Don’t remember Buck Showalter for Baltimore’s season to forget

MLB

Recency bias should not apply to Buck Showalter.

If it did, Showalter would be remembered as the manager who was responsible for one of the most putrid seasons in baseball history, a campaign in which the Orioles lost a franchise-record 7,149 games (give or take). If it did, he’d be remembered as the guy who botched the 2016 wild-card game by opting to use Ubaldo Jimenez instead of Zach Britton — the same Zach Britton who had just finished what was arguably the most dominant season by a reliever in major league history — when it counted most.

But recency bias should not apply, and here’s why.

When Showalter was named Baltimore’s manager in July 2010, the franchise was in shambles. The O’s already had 12 straight losing seasons to their credit and were well on their way to making it a baker’s dozen. Somehow, Showalter took a club that was utterly non-competitive during the first two-thirds of the year (.305 winning percentage) and turned it around over the final third (.586). After another last-place finish in 2011, the Birds shocked everyone in 2012, when they won 93 games during the regular season, then beat the Rangers in the wild-card game before falling in five games to the Yankees in the division series. It was the first of three postseason appearances in five years under Showalter, a run of success Baltimore hadn’t seen since the early 1970s under the legendary Earl Weaver.

Although Weaver was and still is the greatest manager in Orioles history, a Hall of Famer whose .583 winning percentage ranks 11th all time, it’s worth noting that when he took over during the summer of 1968, he inherited a team that had won the World Series just two years earlier. The following season, in his first full year as skipper, his roster featured a pair of Robinsons (Frank and Brooks) and a ridiculous rotation that was anchored by Jim Palmer and included Mike Cuellar and Dave McNally. Later on, he would inherit Eddie Murray and Cal Ripken — perhaps you’ve heard of them.

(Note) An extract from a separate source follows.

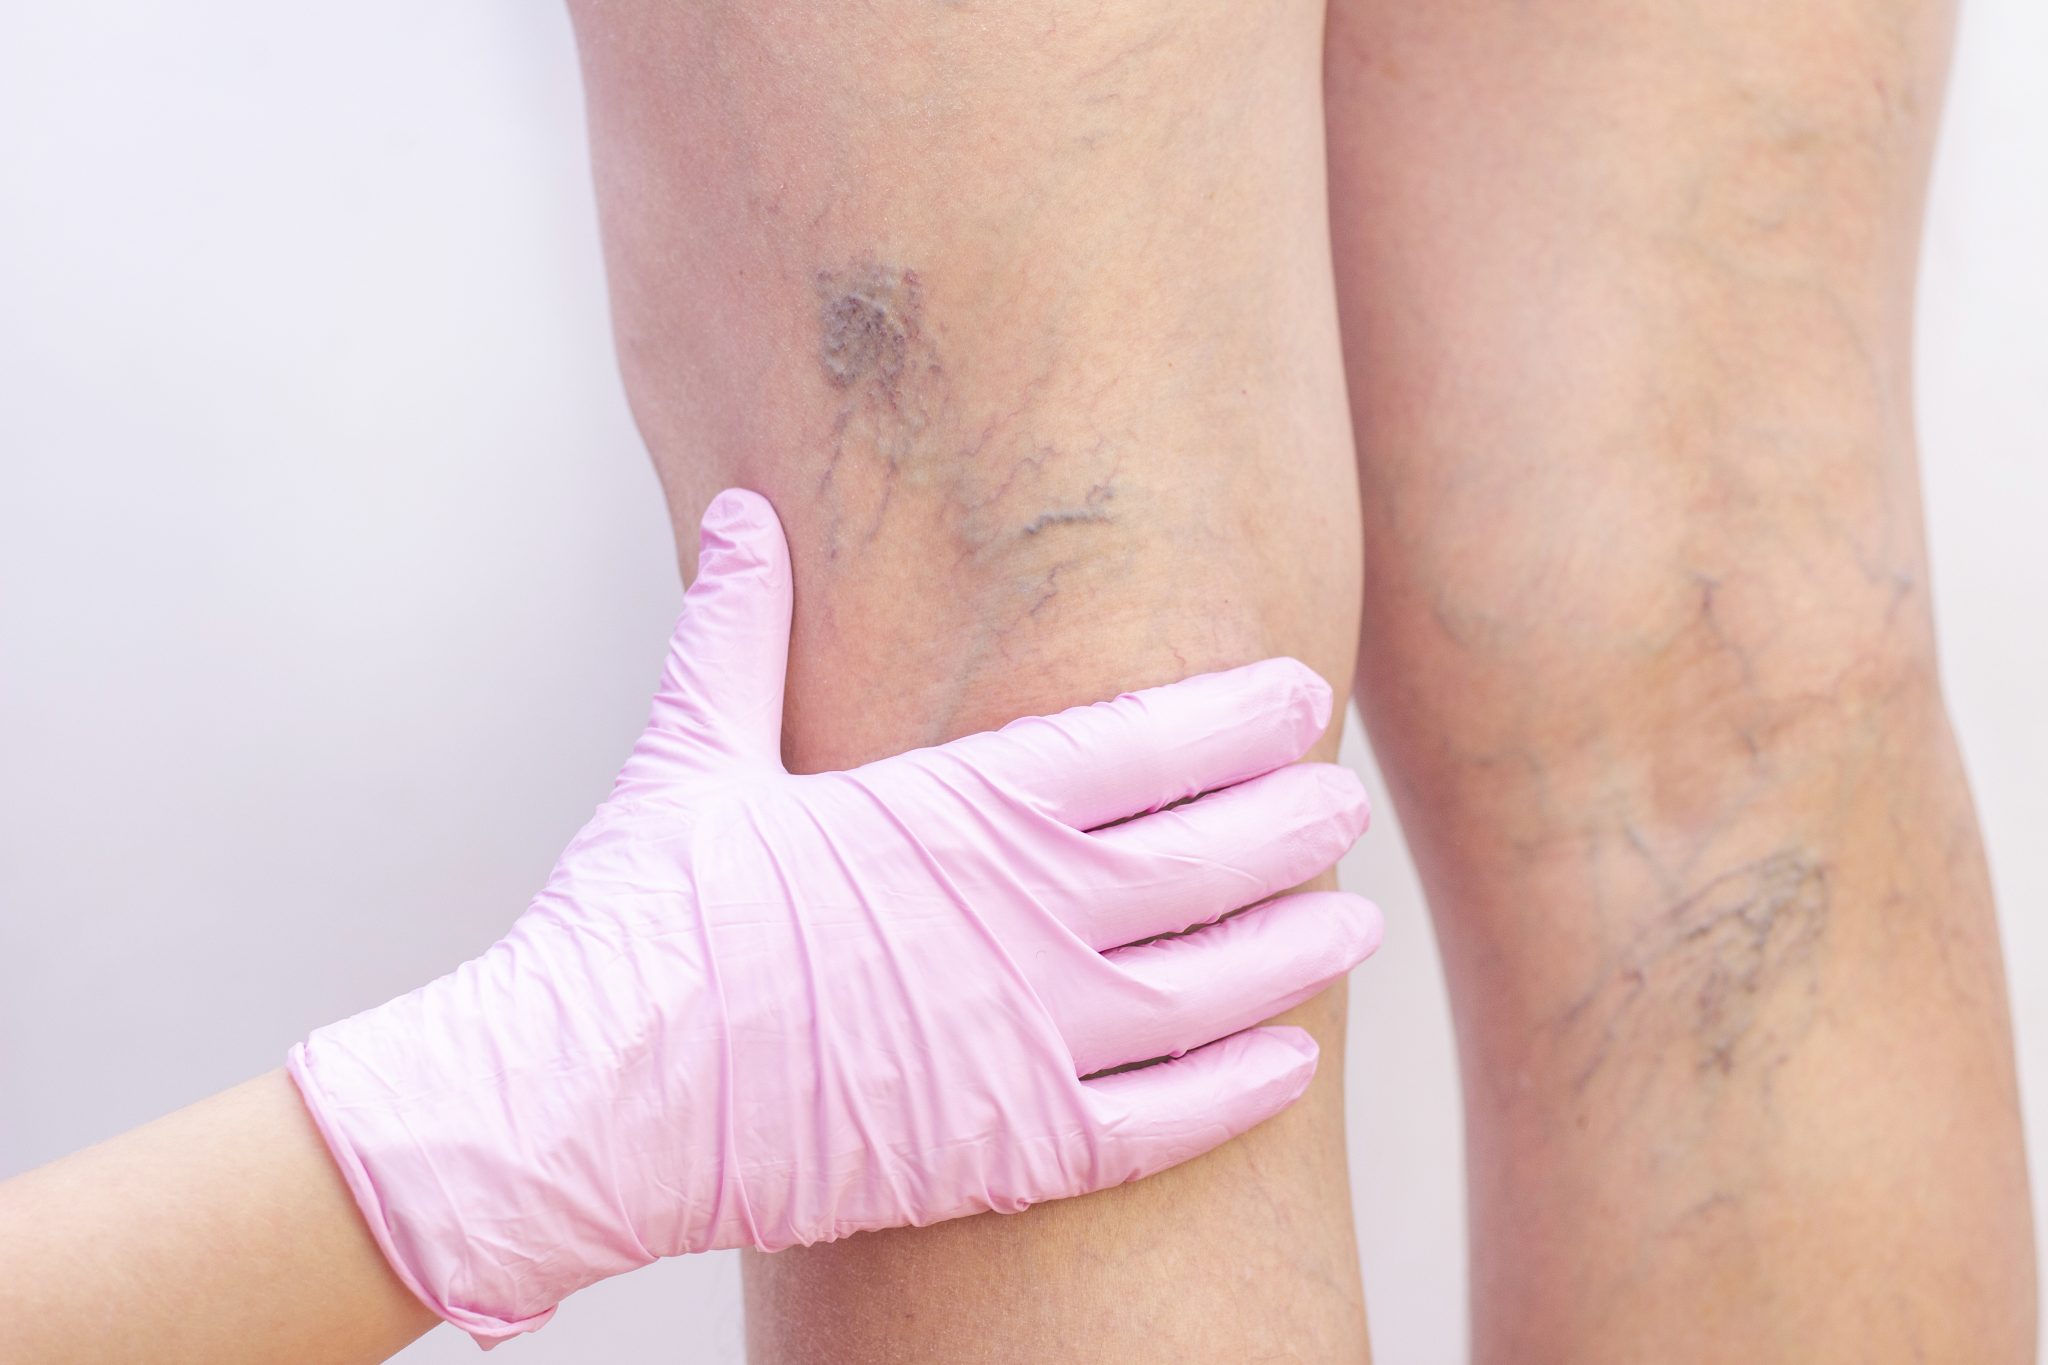 What Kind of Specialist Treats Varicose Veins
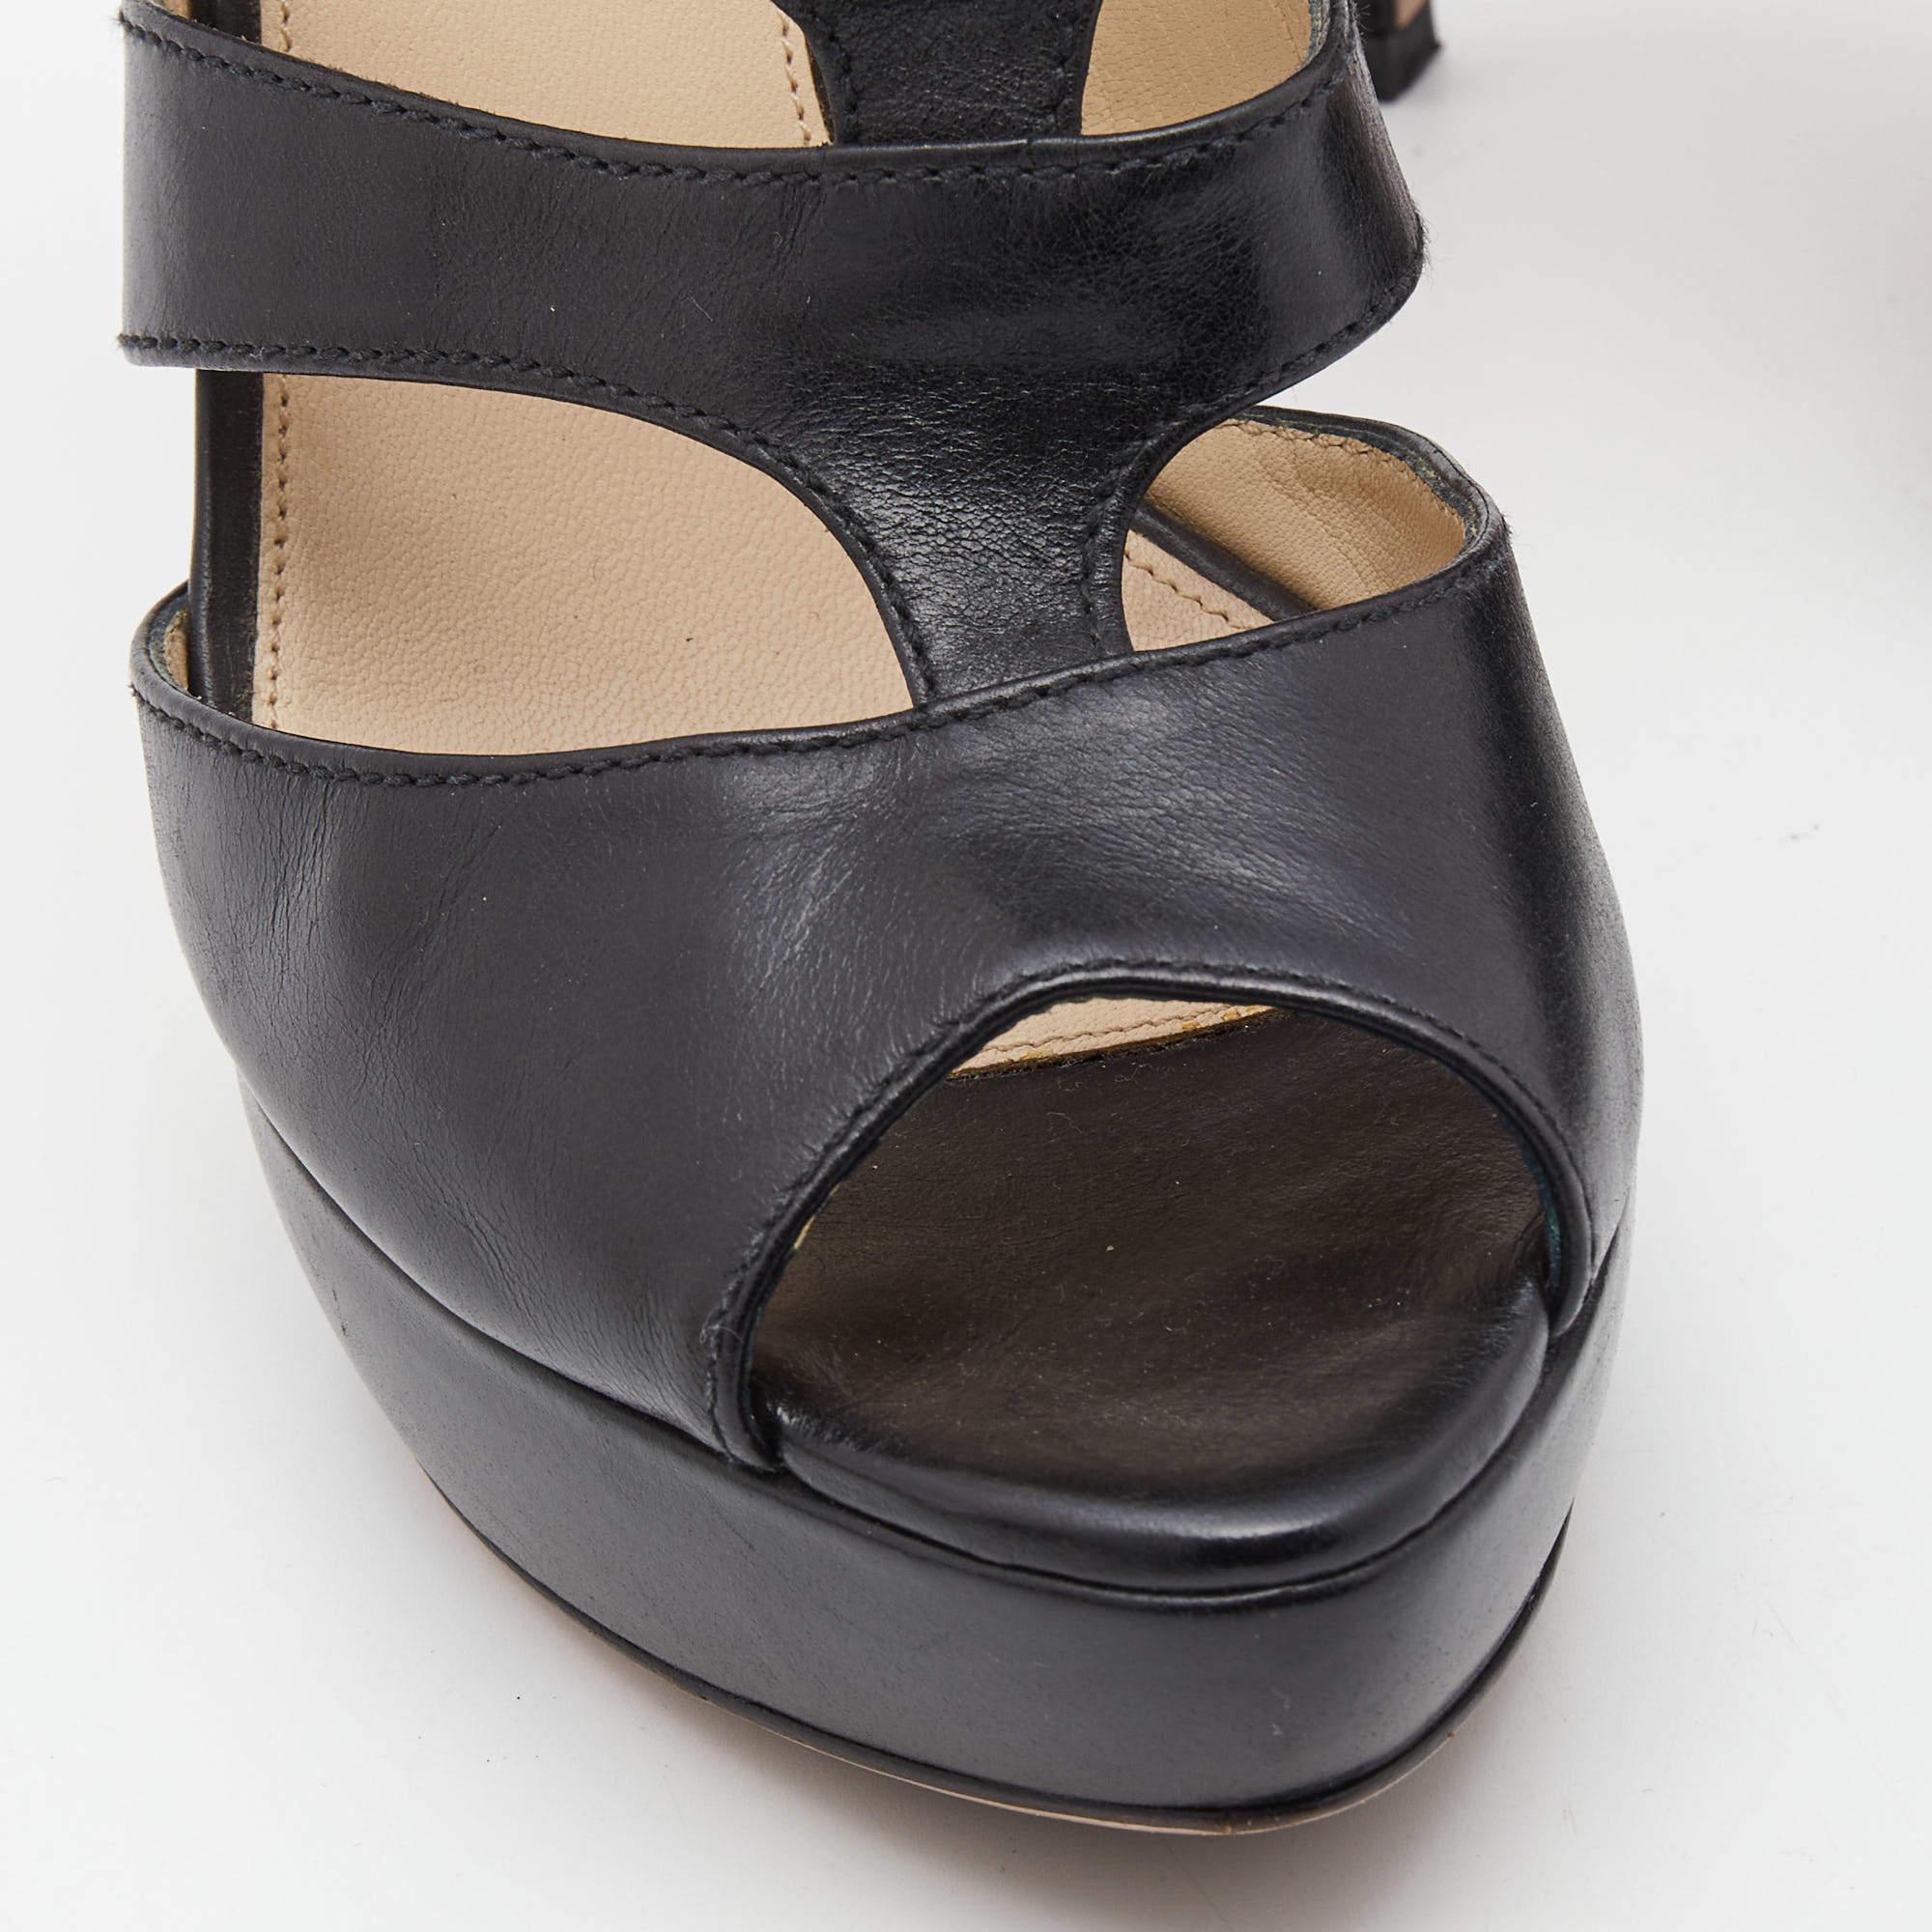 Prada Black Leather Strappy Sandals Size 39.5 For Sale 2

That’s no knock on Adam Jones and Nick Markakis, or J.J. Hardy and Nelson Cruz, or Chris Davis and Manny Machado. It’s not to say that Chris Tillman and Wei-Yin Chen didn’t have their mound moments. Point is, the cost-conscious tools with which Showalter rebuilt the Orioles’ empire were different — different than what Weaver had back in the day, and different than what deep-pocketed foes like the Yankees and Red Sox have had and continue to have, year after year after year.

And therein lies the greatness of what Showalter was able to achieve. During his eight and a half years in Charm City, he was routinely able to extract so much from what seemed like so little. He was able to take guys like Steve Pearce and Nate McLouth, guys like Miguel Gonzalez and Joe Saunders, and get the most out of them. He was able to mask the shortcomings of a deeply flawed rotation by leaning on a Frankenstein bullpen that, along with fundamentally sound defense and a knack for demolishing baseballs, became the Birds’ calling card.

But what speaks most to how the Showalter Era should be viewed is this: When he arrived in Baltimore, having previously managed the Yankees, Diamondbacks and Rangers, Showalter carried with him a reputation for wearing out his welcome quickly. For being a brilliant-but-demanding baseball mind whose hyper-focused attention to detail was good for turning around teams that needed turning around, but wasn’t necessarily the stuff that long-term relationships were made of. As a result, he never lasted more than four seasons with any club. Not until he came to Baltimore.

Eight and a half years later, his time with the Orioles has come to an end. That’s more than twice as long as he spent in New York or Arizona or Texas, a fact that shows just how much Showalter meant to the O’s, and just how much the club valued him. During that time, he racked up 669 wins, second most of any manager in franchise history behind Weaver.

Sure, if you look at Showalter’s overall record with the Birds, you see more losses than wins. But that’s only because of this one last year. This one final godforsaken season.

That’s not to say 2018 should be stricken from the record. Or that the 2016 wild-card game never happened. But they should both be taken with a grain of salt. Perhaps an entire shaker full.

Because when it comes Buck Showalter’s time in black and orange, it isn’t just about what he’s done lately.